Clinical Presentation
AOE typically presents as bilateral ear disease, though severity may differ between ears. Key clinical features include:
- Otic pruritus: head shaking, scratching at ears, rubbing face/head
- Pain and erythema
- Ceruminous (waxy) exudate
- Periauricular alopecia and excoriation
Secondary infection may add:
- Malodorous exudate
- Crusting, scaling, and erosions
- Asymmetric ear carriage
Red flags suggesting otitis media/interna:
- Hearing loss
- Head tilt or vestibular disturbances
- Horner’s syndrome
- Temporomandibular joint pain
Diagnosis
A thorough ear evaluation is crucial in patients with dermatologic disease, including:
- Examination of pinna and periauricular region
- Palpation of ear canals
- Otoscopy for deeper structures and to rule out other primary causes
Chronic inflammation can cause:
- Altered pliability of ear cartilage, sometimes leading to calcification
- Ceruminous gland hyperplasia → cobblestone-like appearance
- Stenosis of ear canals due to edema, inflammation, or chronic pathologic changes
Secondary infection considerations:
- Dysbiosis is common in dogs with atopic dermatitis; Staphylococcus spp. may predominate
- Yeast overgrowth (Malassezia spp.) is often secondary to inflammatory changes
- Ear cytology is essential in every case:
- Stained dry mount: assesses bacteria and yeast
- Unstained mineral oil wet mount: rules out ectoparasites (important in cats due to Otodectes)

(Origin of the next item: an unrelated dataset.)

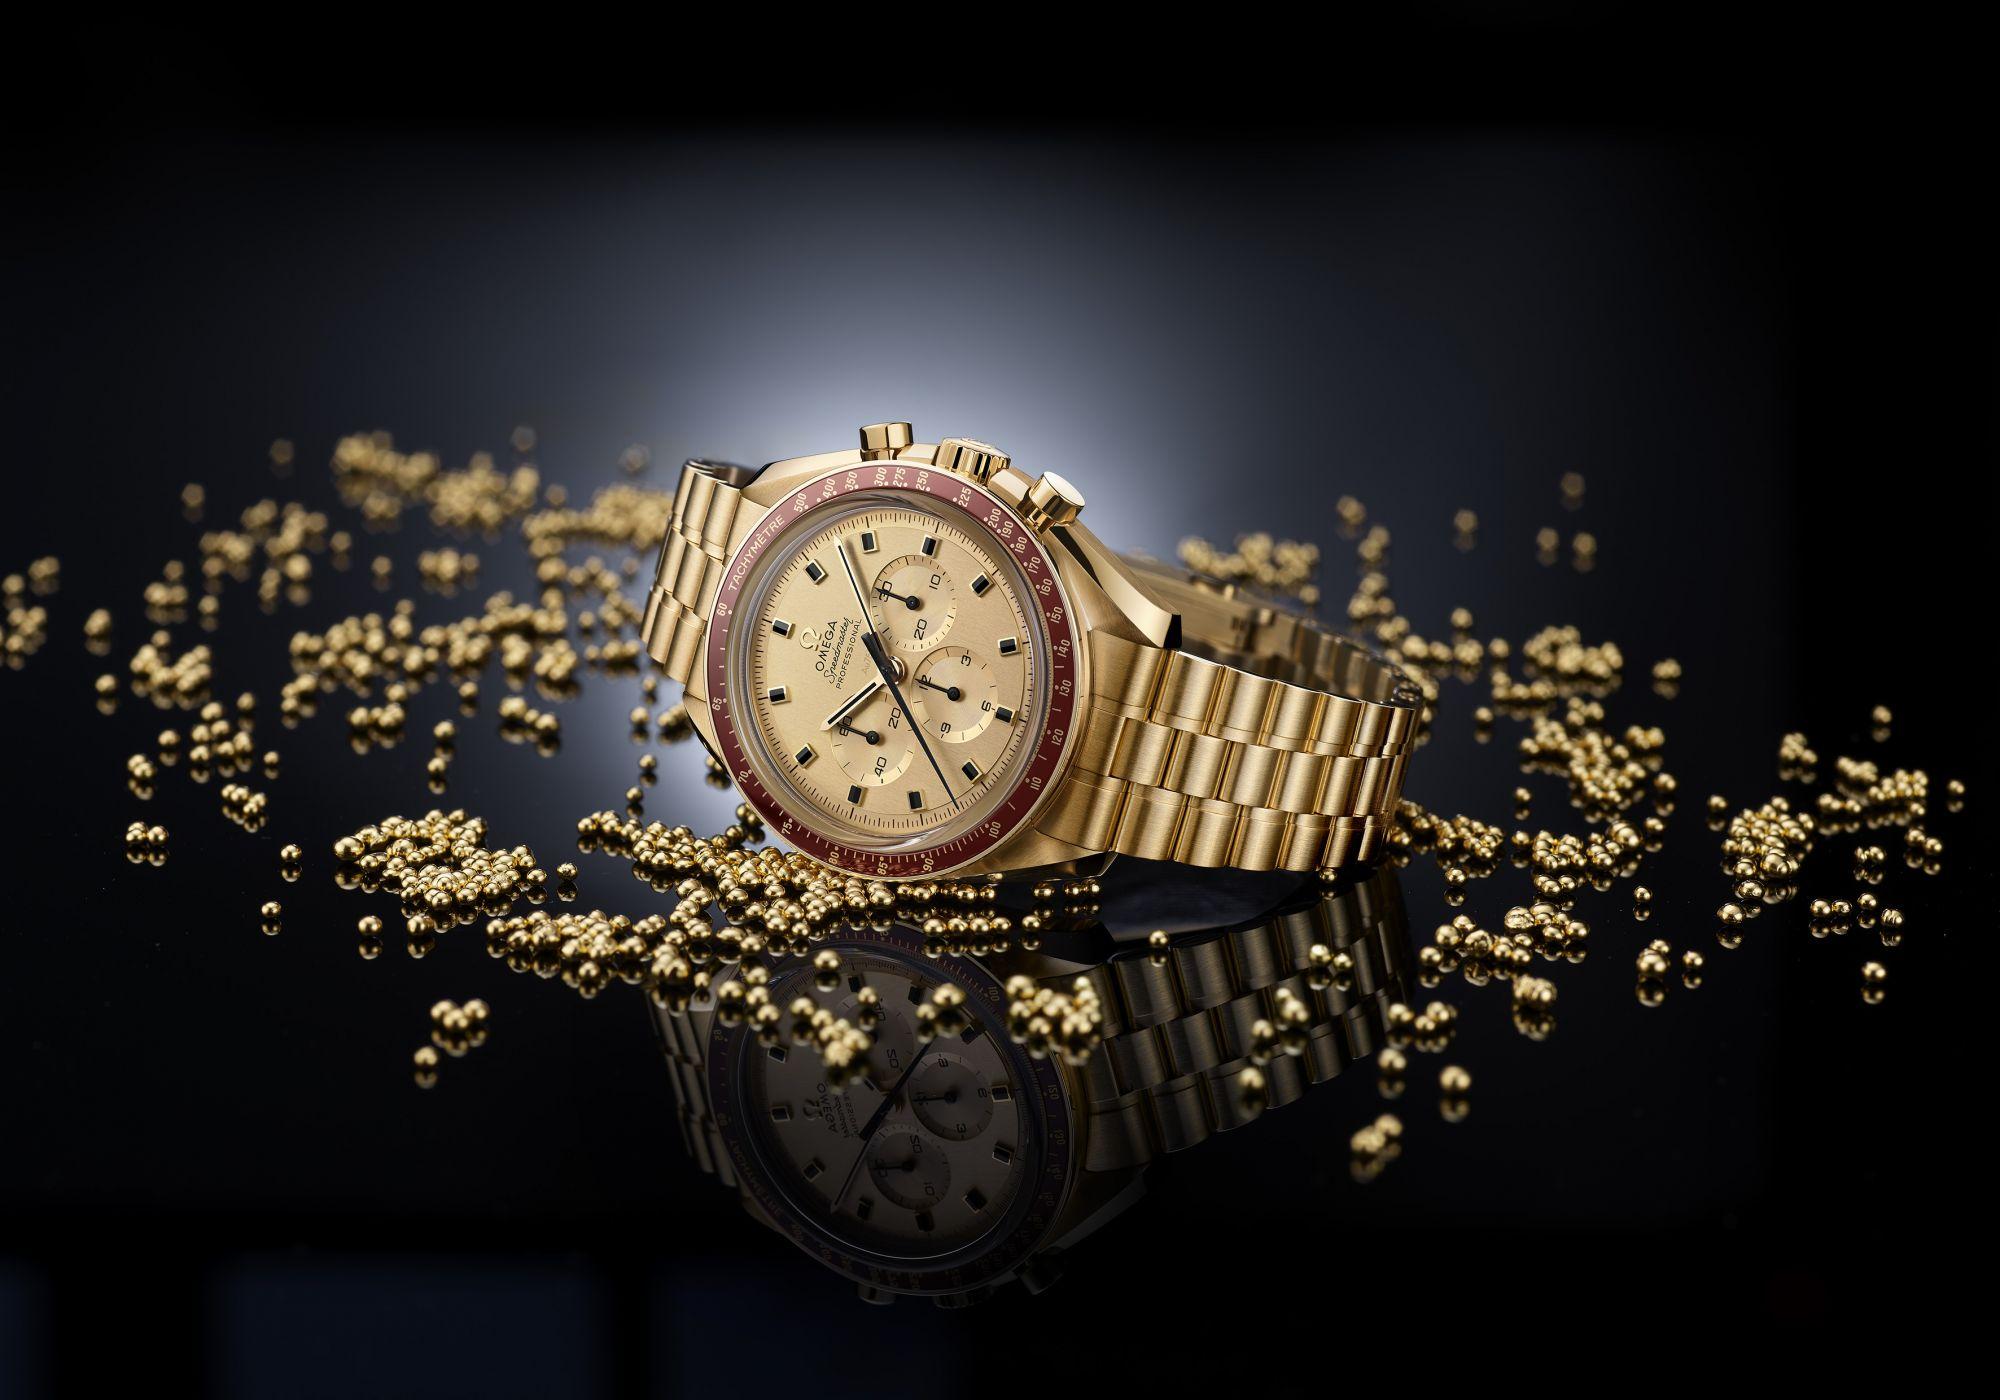 登陸月球50週年,OMEGA限量超霸阿波羅11號腕錶續寫傳奇,紀念人類重要時刻

- Training technicians in cytology improves clinic efficiency
Treatment
Topical therapy should be guided by cytologic findings. Key points:
- In cases of abundant exudate, perform in-clinic ear flush
- Be cautious with ruptured tympanic membranes—select safe antimicrobials and cleaning agents
- Referral to a board-certified dermatologist is recommended if:
- Multiple treatment protocols fail
- Disease persists beyond 3–6 months
- Chronic infection complicates management
Short-Term Management
Goals: reduce inflammation and treat secondary infections. Options include:
- Oral corticosteroids (short tapering course)
- Oclacitinib
- Topical corticosteroids for inflammation control
Long-Term Management
Goals: maintain ear health and manage underlying allergy. Strategies include:
- Routine topical maintenance therapy: ear cleansing based on patient needs
- Use of cleansing agents that promote epidermal barrier function and reduce microbial adherence
- Topical glucocorticoids (e.g., hydrocortisone, dexamethasone) to prevent flares and secondary infection
- Monitoring individual response to medications used for atopic dermatitis, as efficacy may vary
Referral indications:
- Complicated or resistant AOE
- Secondary infections unresponsive to empiric therapy
- Middle ear involvement
Owner compliance and follow-up:
- Demonstrate ear cleaning and topical medication application—responsibility of trained technicians
- Interim follow-up via phone, video, or email can improve adherence and outcomes
Conclusion
Allergic otitis externa is a common, often bilateral, manifestation of allergy in dogs and cats that requires careful differentiation from primary infection. Early diagnosis through thorough examination and cytology, combined with targeted topical and systemic therapy, is essential. Long-term management focuses on controlling the underlying allergy, maintaining ear health, and preventing recurrence. Owner education and technician-led follow-up significantly improve treatment success, while referral to a specialist is warranted in complicated or refractory cases.
Reference
- Miller J, Simpson A, Bloom P, Diesel A, Friedeck A, Paterson T, Wisecup M, Yu CM. 2023 AAHA management of allergic skin diseases in dogs and cats guidelines. Journal of the American Animal Hospital Association. 2023 Nov 1;59(6):255-84. https://www.aaha.org/wp-content/uploads/globalassets/02-guidelines/2023-aaha-management-of-allergic-skin-diseases-in-dogs-and-cats-guidelines/resources/2023-aaha-management-of-allergic-skin-diseases-guidelines.pdf.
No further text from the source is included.